New EBRI Research: Differentiated Hospital Reimbursement Could Modify Behavior of Hospitals and Patients

8/13/2003

From: Jim Jaffe, 202-775-6353, jaffe@ebri.org, or Paul Fronstin, (202) 775-6352; fronstin@ebri.org, both of the Employee Benefit Research Institute

WASHINGTON, Aug. 13 -- A new type of benefit structure that provides differing cost- sharing levels for various hospital options could change both hospital and beneficiary behavior, according to new research from the Employee Benefit Research Institute (EBRI).

The continuing emphasis on containing costs and giving consumers greater power has resulted in a growing number of plans that offer "tiered" hospital coverage, not unlike the preferred provider option for physicians that many of the insured are already familiar with. This movement could encourage some hospitals to renegotiate contracts so as to assure that they were in the most-preferred provider group, according to the August EBRI Issue Brief ("Tiered Networks or Hospital and Physician Health Care Services"). But no one yet knows how large the payment differential would have to be to cause any substantial modification of consumer behavior.

In 2001, Americans spent $451 billion on hospitals, a bit more than 26 percent of the nation's total health care bill. Hospital bills grew by 8 percent that year, although other components of health spending are growing at a significantly faster pace. Americans covered by the Medicare program pay the same amount for a hospital admission regardless of the facility selected.

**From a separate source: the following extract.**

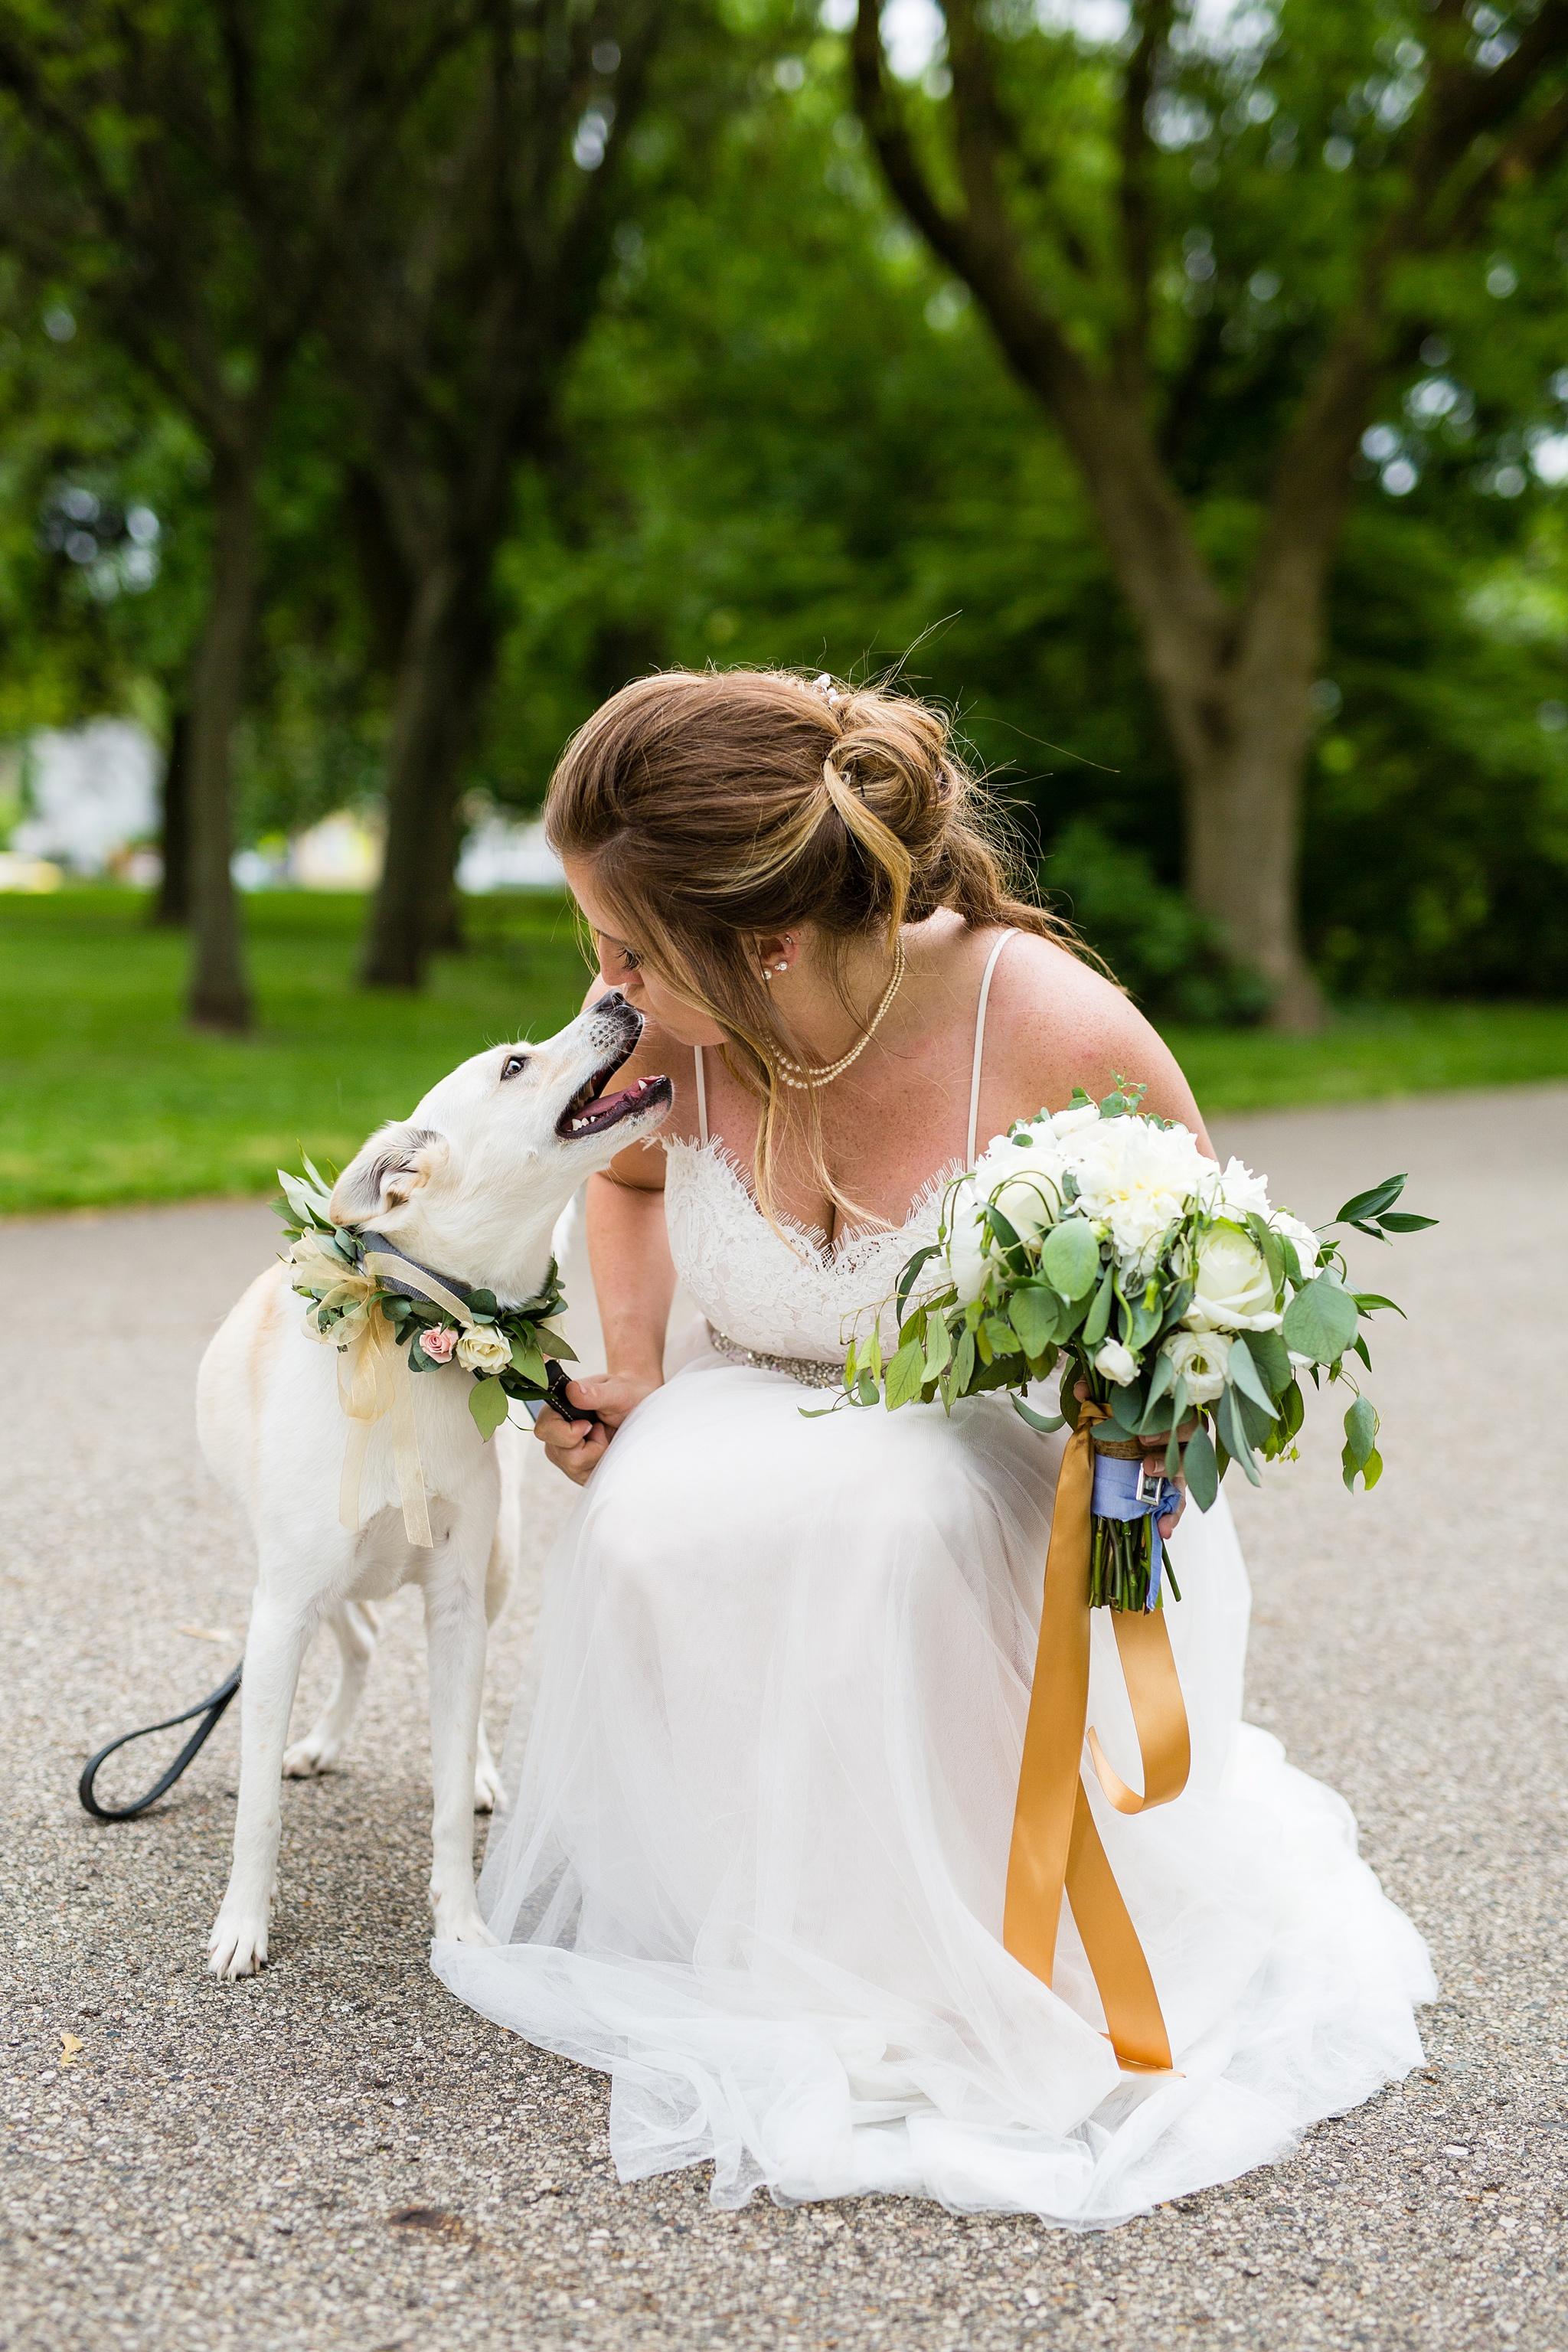 Meghan_Drew_Grand_Rapids_Cheney_place_Wedding066.JPG
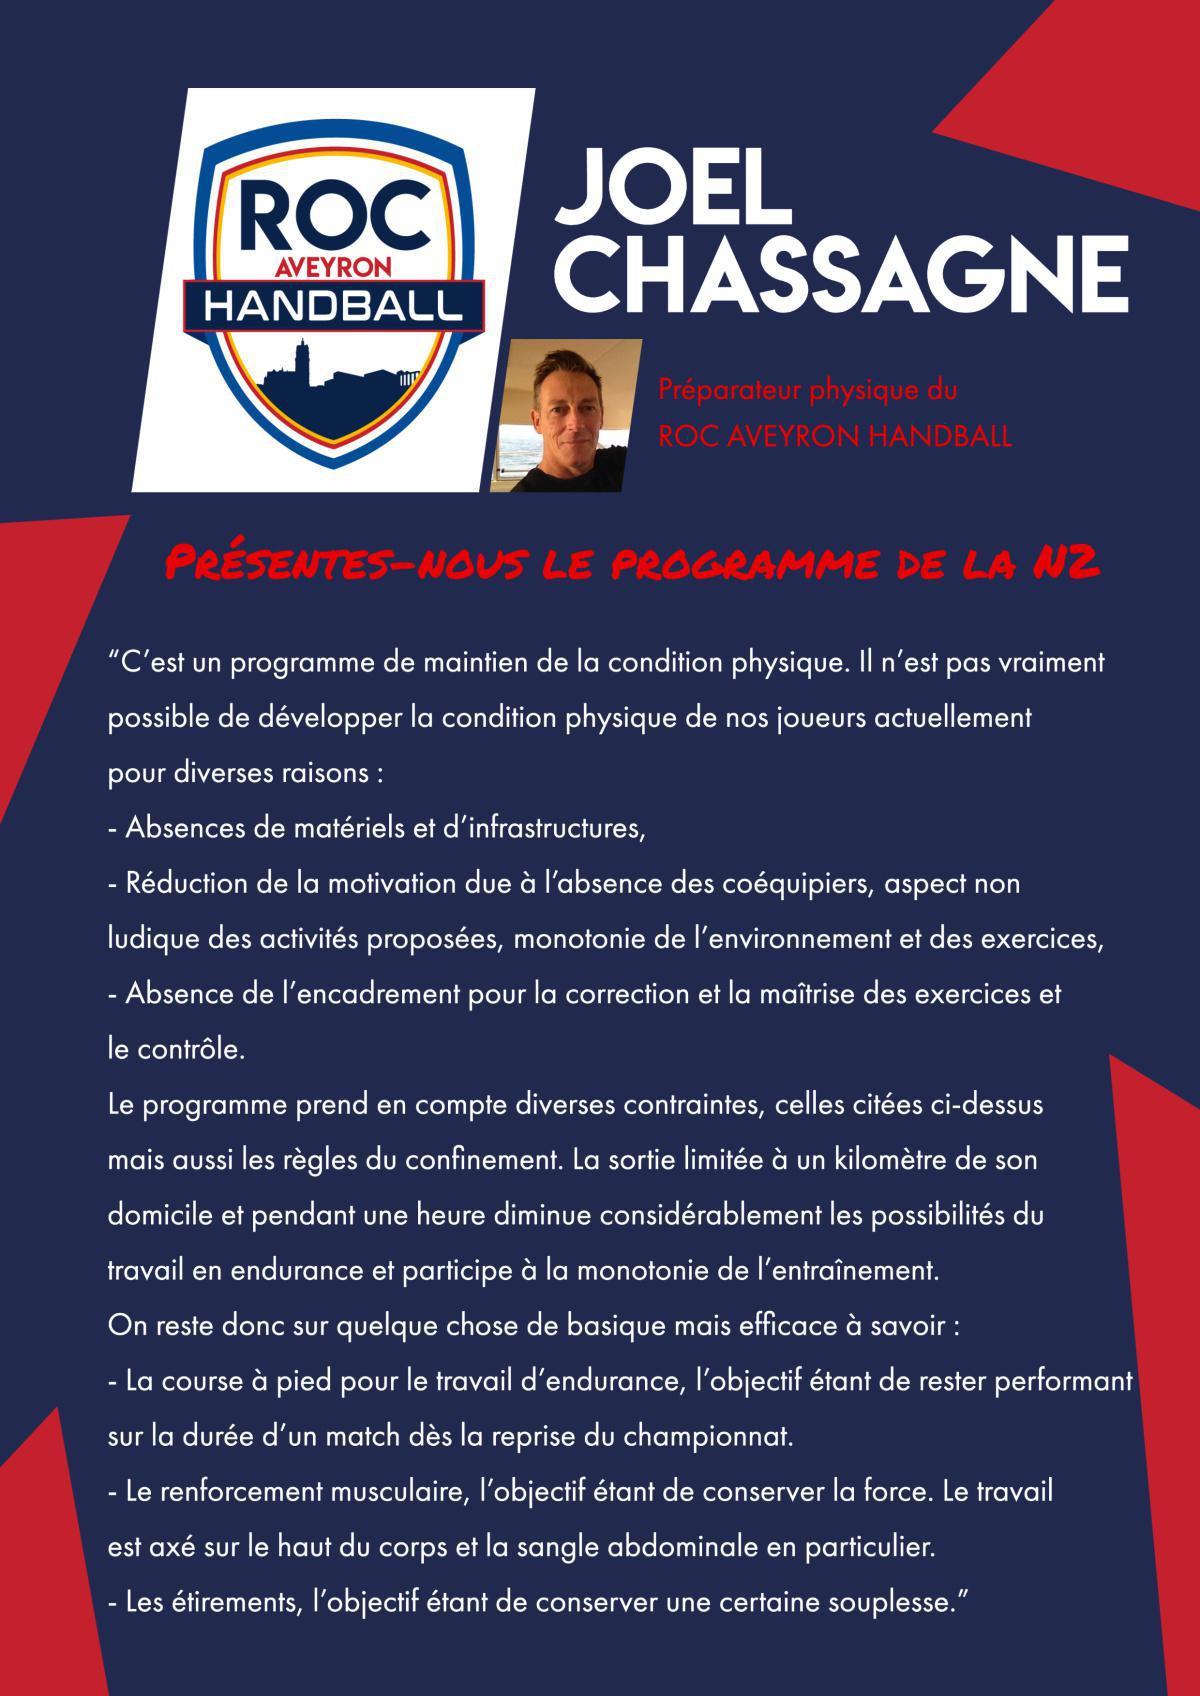 Interview de Joel Chassagne

During the past decade, hospitals have increased their bargaining power with insurers by organizing into systems that sometimes dominate a single market, the EBRI analysis notes. Between 1994 and 2001, the number of hospitals affiliated with such systems rose from 37 percent to 46 percent. Insurance plans have typically favored particular hospitals within a given community, generally as a result of reimbursement patterns, giving patients the choice of getting high reimbursement for a hospital that is included in their plan and low payments for one that is not. The new tiered plans tend to offer a continuum of choices instead of this binary one.

While this change could save money for insurers while providing consumers with broader choice, it is not clear yet whether either goal will be achieved or see any changes in consumer behavior.

"The jury's still out on the question of impact of tiered hospital coverage," said EBRI President and CEO Dallas Salisbury, "and definitive answers are probably still a few years away."